ASSIGNMENT:
The answer should consist solely of the lines from the first one below through the line containing "509 Altitude 2.0", copied exactly.

GIVEN RECORDS:

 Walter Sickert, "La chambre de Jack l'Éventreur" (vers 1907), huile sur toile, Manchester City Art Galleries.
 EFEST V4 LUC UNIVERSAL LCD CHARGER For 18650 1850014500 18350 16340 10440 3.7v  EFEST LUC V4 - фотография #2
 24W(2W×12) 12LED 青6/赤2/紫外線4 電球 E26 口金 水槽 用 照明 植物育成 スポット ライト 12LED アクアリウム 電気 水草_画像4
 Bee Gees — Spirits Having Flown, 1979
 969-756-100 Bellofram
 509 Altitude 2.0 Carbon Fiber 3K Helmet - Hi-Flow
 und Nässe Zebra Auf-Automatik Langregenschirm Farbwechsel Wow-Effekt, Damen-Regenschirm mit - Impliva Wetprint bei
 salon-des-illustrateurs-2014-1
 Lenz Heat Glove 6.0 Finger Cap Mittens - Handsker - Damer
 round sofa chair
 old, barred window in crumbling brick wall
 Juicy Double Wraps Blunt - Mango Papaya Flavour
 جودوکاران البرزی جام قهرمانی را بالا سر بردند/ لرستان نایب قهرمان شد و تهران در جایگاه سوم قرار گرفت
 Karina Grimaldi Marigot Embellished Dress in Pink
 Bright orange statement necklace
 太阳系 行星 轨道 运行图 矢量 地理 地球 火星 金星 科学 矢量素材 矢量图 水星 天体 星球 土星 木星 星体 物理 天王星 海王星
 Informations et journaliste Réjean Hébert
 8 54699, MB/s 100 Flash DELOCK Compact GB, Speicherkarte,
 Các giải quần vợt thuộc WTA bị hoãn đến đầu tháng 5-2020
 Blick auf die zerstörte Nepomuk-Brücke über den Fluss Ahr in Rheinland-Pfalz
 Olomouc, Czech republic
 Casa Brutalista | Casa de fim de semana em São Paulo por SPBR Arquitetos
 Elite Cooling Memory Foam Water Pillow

ANSWER:
 Walter Sickert, "La chambre de Jack l'Éventreur" (vers 1907), huile sur toile, Manchester City Art Galleries.
 EFEST V4 LUC UNIVERSAL LCD CHARGER For 18650 1850014500 18350 16340 10440 3.7v  EFEST LUC V4 - фотография #2
 24W(2W×12) 12LED 青6/赤2/紫外線4 電球 E26 口金 水槽 用 照明 植物育成 スポット ライト 12LED アクアリウム 電気 水草_画像4
 Bee Gees — Spirits Having Flown, 1979
 969-756-100 Bellofram
 509 Altitude 2.0 Carbon Fiber 3K Helmet - Hi-Flow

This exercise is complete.